Exercise goal
Start to finish, retype the entries exactly while omitting the pictures.

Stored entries
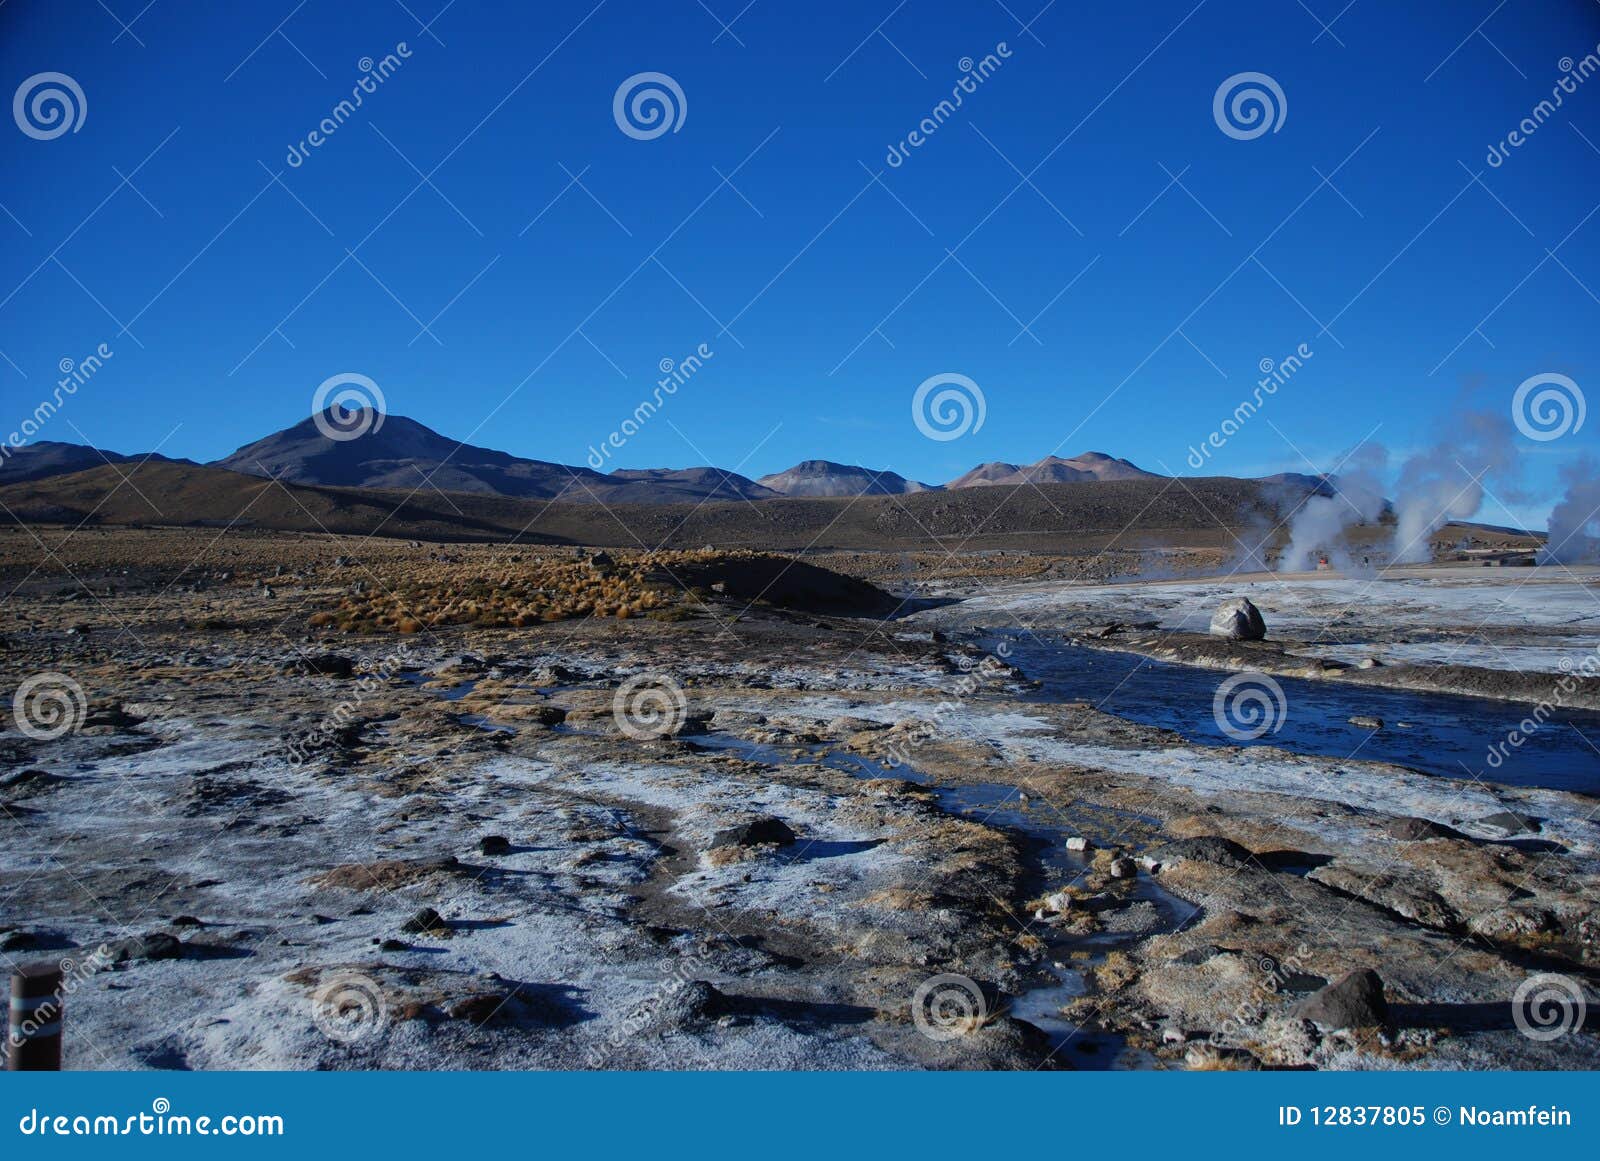 chilean geysers
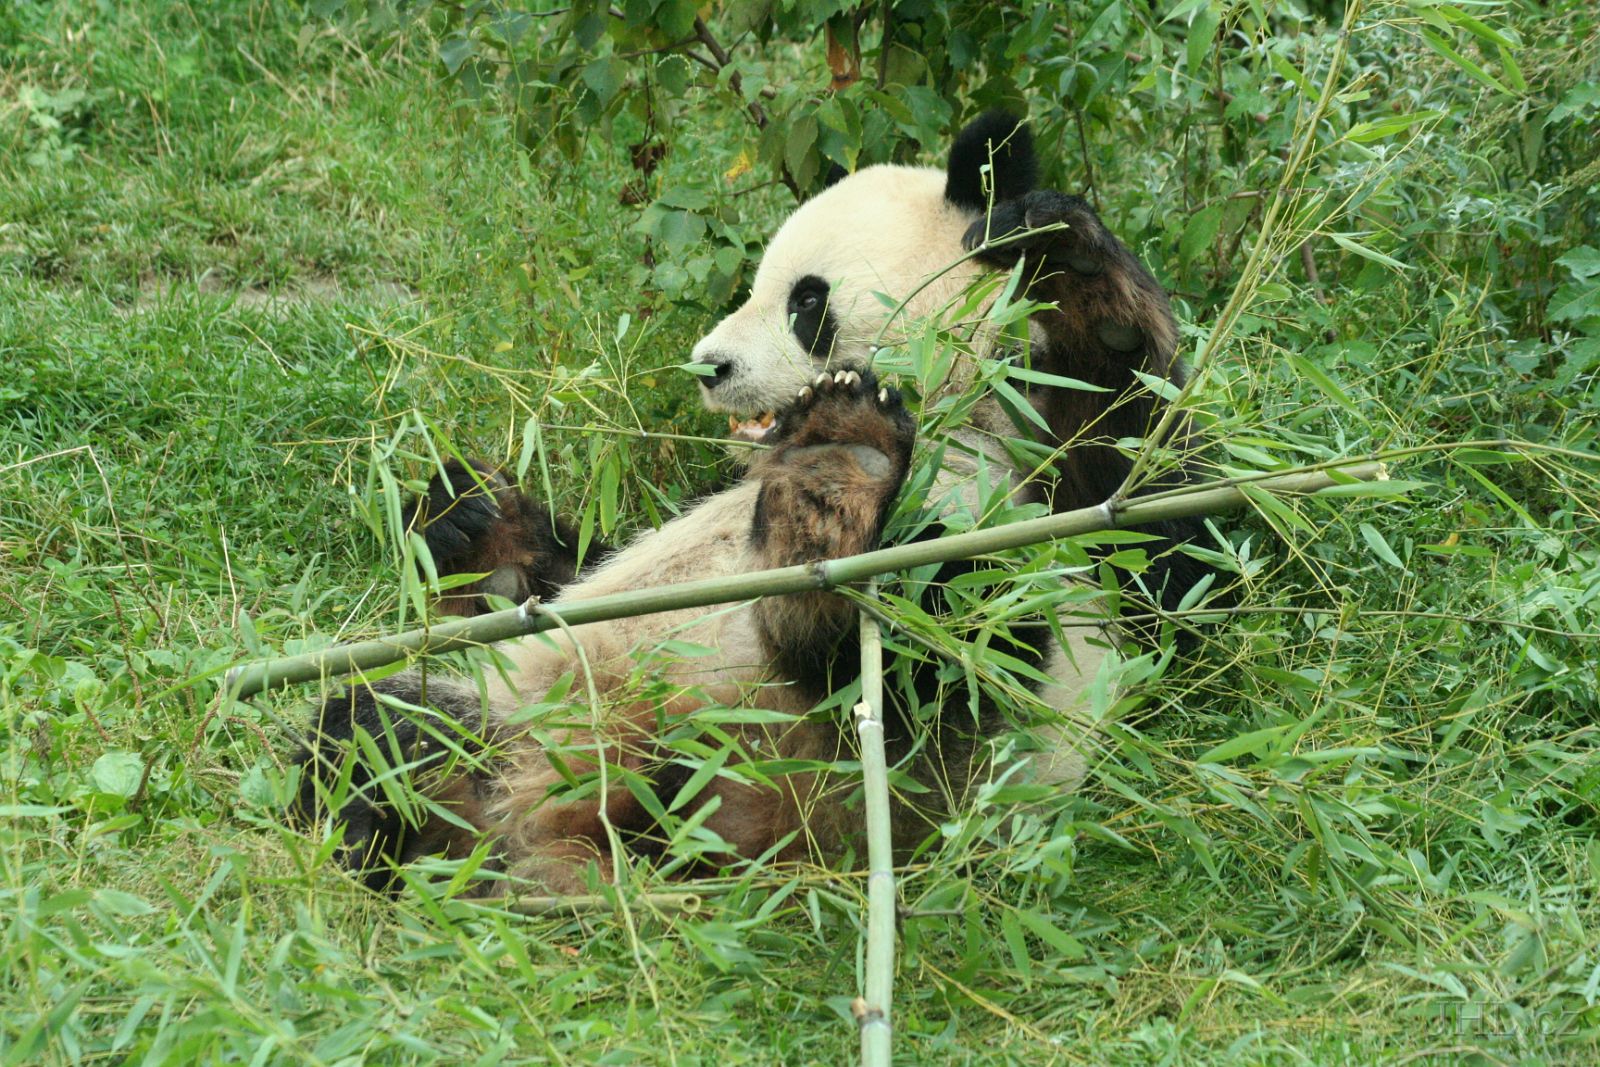 060917c696.JPG - Panda velká (Ailuropoda melanoleuca)
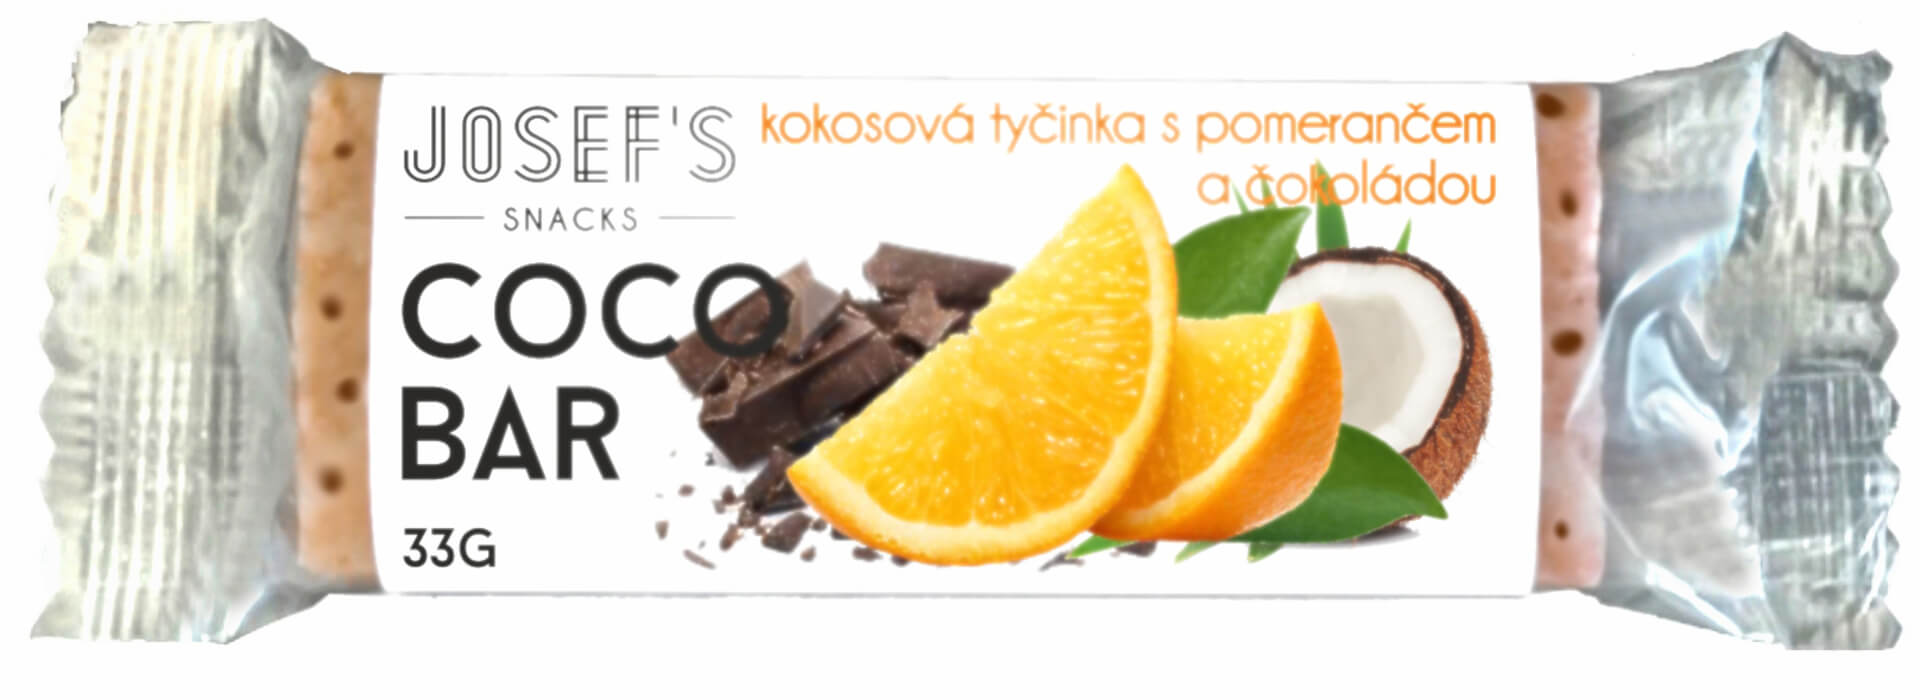 E-shop Josef's snacks Tyčinka kokosová s pomarančom a čokoládou 33 g
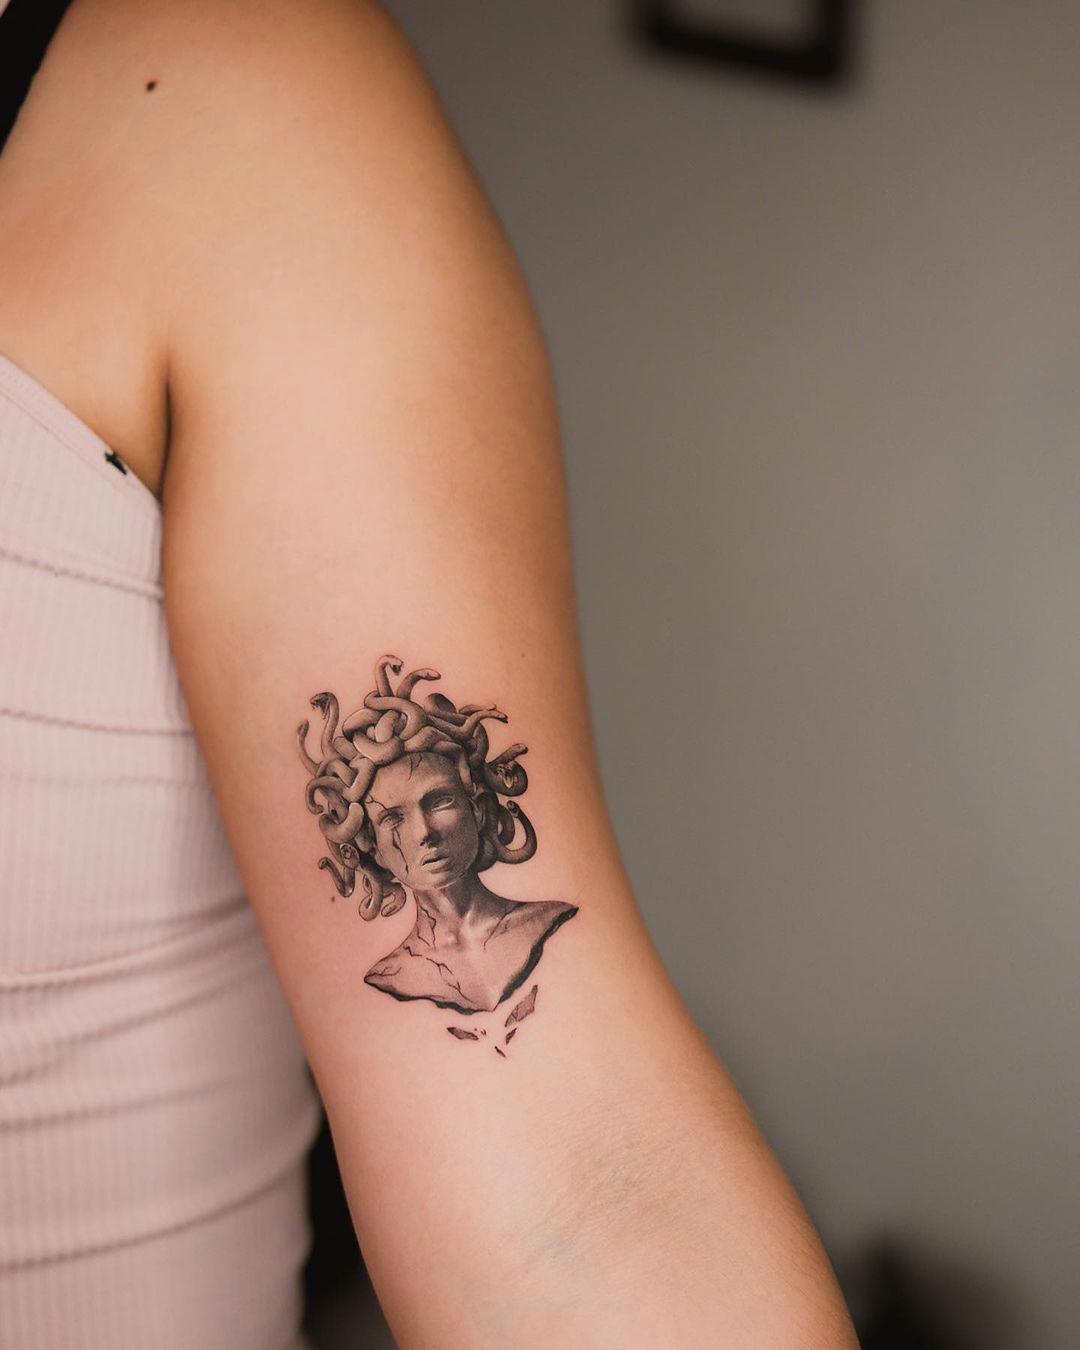 Tatuaje de Medusa
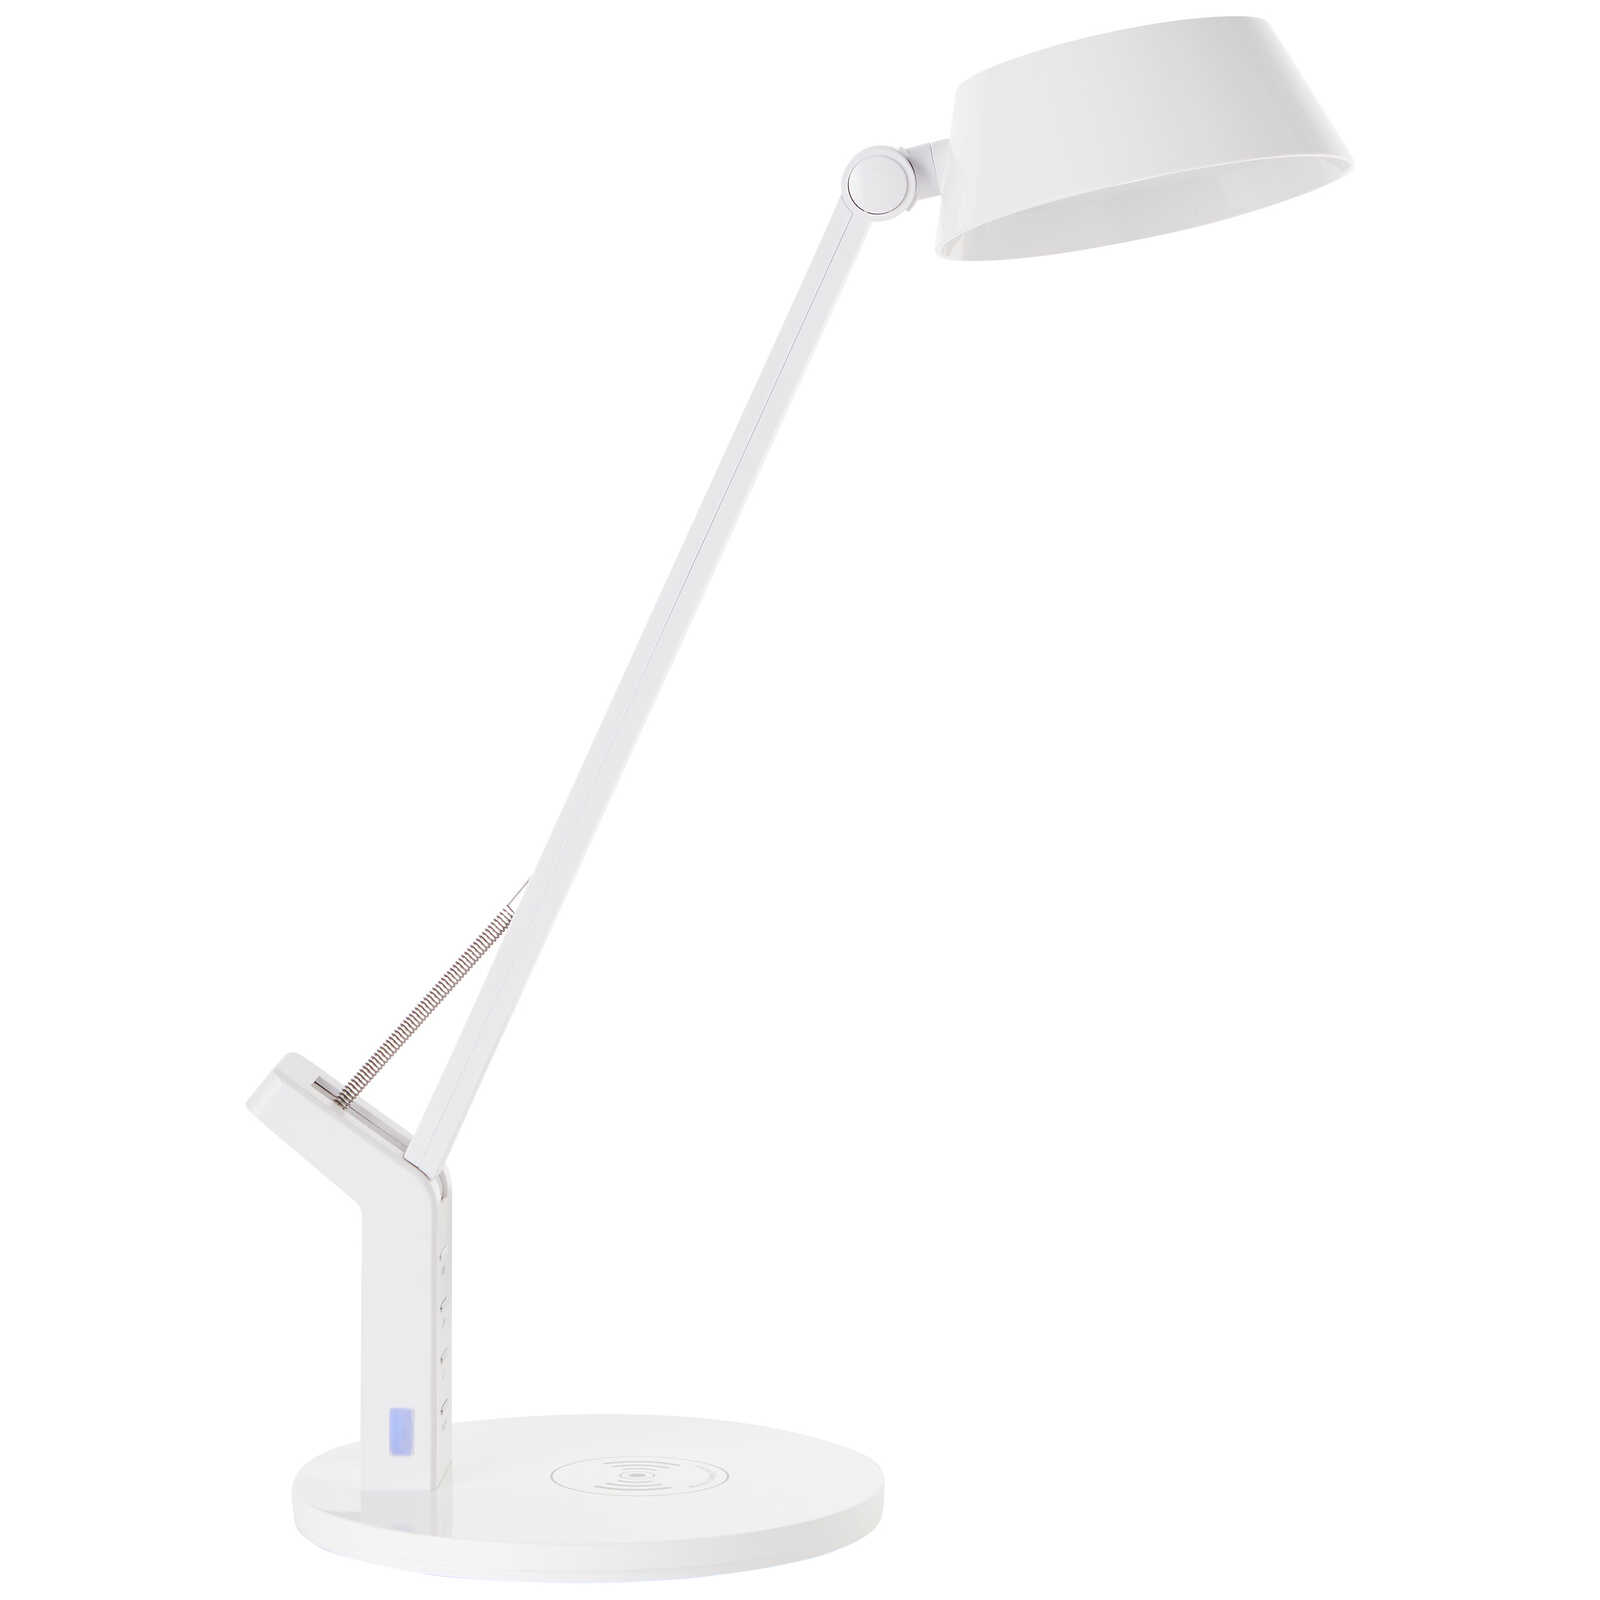             Lampe de table en plastique - Julius 1 - Blanc

Expected output
 chilean geysers
 060917c696.JPG - Panda velká (Ailuropoda melanoleuca)
 E-shop Josef's snacks Tyčinka kokosová s pomarančom a čokoládou 33 g
 Tatuaje de Medusa
             Lampe de table en plastique - Julius 1 - Blanc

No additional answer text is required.